You may be right about having to keep her separate. I'm not mad about the idea but having her attack is just not on. And it's not like my mom comes up to her on purpose. She'll be sitting at the table and Lucy will hop on, come up to her and hiss. She can't even walk 1m passed the cat without her pouncing or growling. I really thought Lucy would get used to having her around, esp since she was ok at the start, but it seems to be going the other way.

My mom comes in tomorrow so we'll start with the treats and see how it goes. Maybe no playing just yet, I can see that going all wrong very quick. Imagine the cat chasing around my mother instead of a ball...

I really need them to be ok together, otherwise we'll have to take Lucy to a cat hotel when we go away and I imagine that to be more traumatic than staying with people she knows.


----------



## eva026 (Nov 8, 2012)

Wow, today was bad so I am going to have to keep Lucy in a separate room when my mom is here. 
We started with my mom giving her some canned cat food which she gets as a treat and she got mad as soon as my mom stepped away from her bowl. She outright pounced on her, claws out 2x and hissed and growled every time my mom even looked at her:/

This is going to take ages because my mom only come 2x a week. If it was every day I think building the association mom=treat would go faster.
Will def go to a petstore and look for feliway this weekend:/


----------



## librarychick (May 25, 2008)

Aw, I'm sorry to hear that it went so badly.

It'll be much better for everyone if you keep her separated while your mom is there by herself.

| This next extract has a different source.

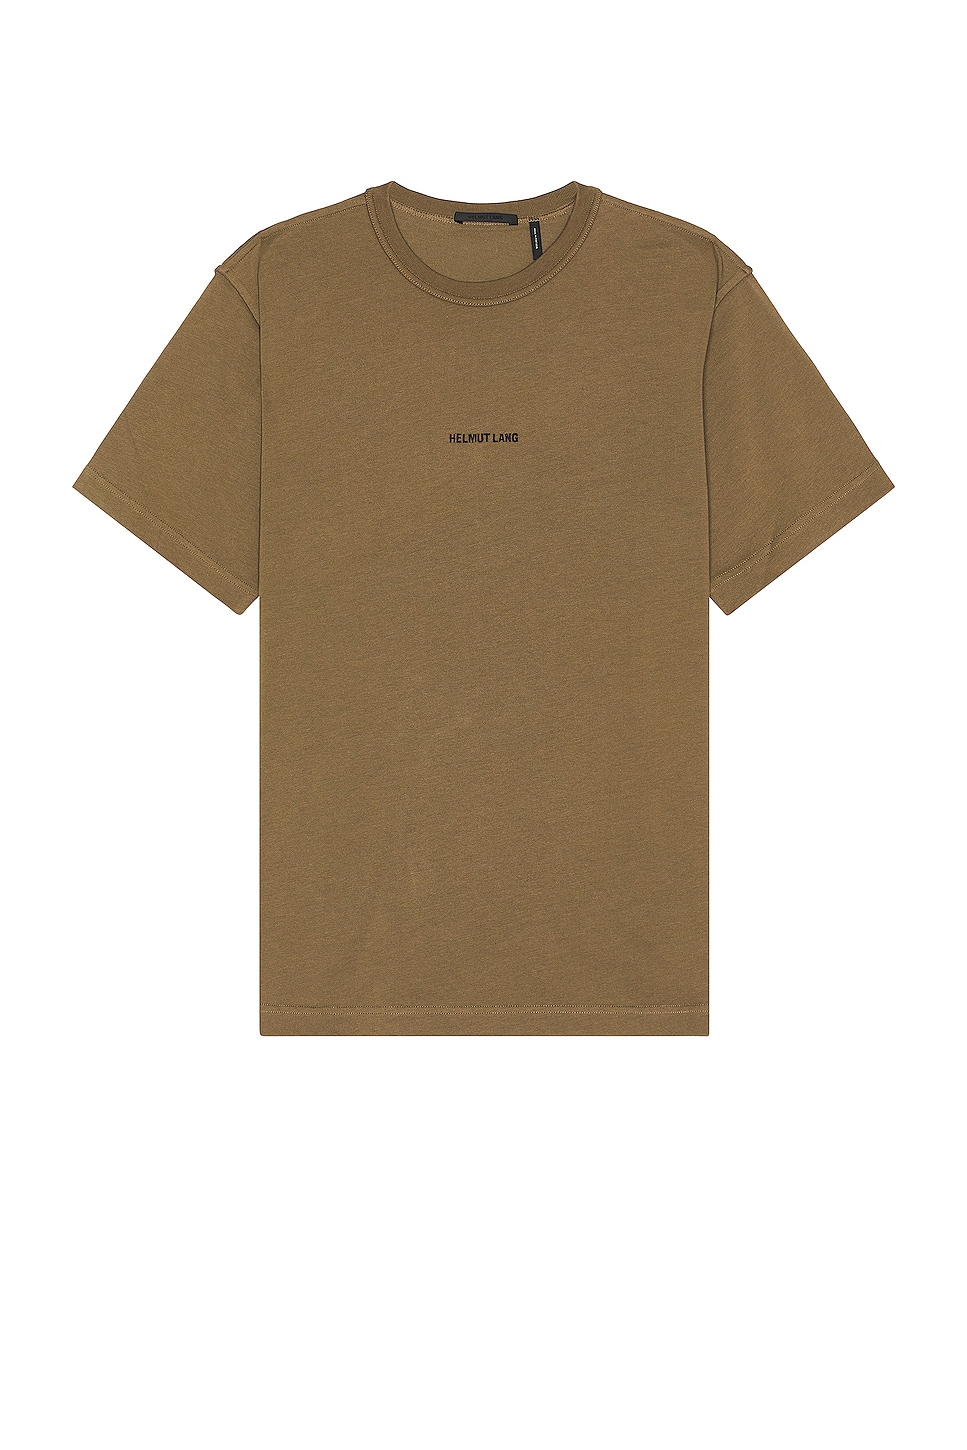 Image 1 of Helmut Lang Inside Out Tee in Olive

I know it isn't what you had hoped for, but if Lucy seems to be escalating then it just isn't safe to leave your mum alone with Lucy. 

Hopefully it will get better over time, but I'd anticipate any improvements taking months, not weeks.


----------



## Nan (Oct 11, 2010)

Does you mom have any pets? Or does she wear perfume? I'm wondering if Lucy is smelling something she doesn't like on her. 

Although it might just be her temperment. I had a cat once (Ginger, a LH calico) who was was very territorial and didn't like anyone other than my husband and me. She would tolerate other people coming over unless we weren't there. (as informed to me by her kitty sitter, my neighbor who just made sure she wore jeans and shoes when she came over). She would go after dogs that came in the yard too.


----------



## eva026 (Nov 8, 2012)

months...yikes
No my mom has no pets and doesn't wear perfume either... and honestly Lucy was fine with her for months. Not friendly mind you but not mean either. I'd say things have gotten bad in the last month or so. 
Anyway, thanks for the advice
I know what do do now and will keep you all posted if we make any progress. For now it's cat-jail for Lucy and a pet hotel if we go away:/


----------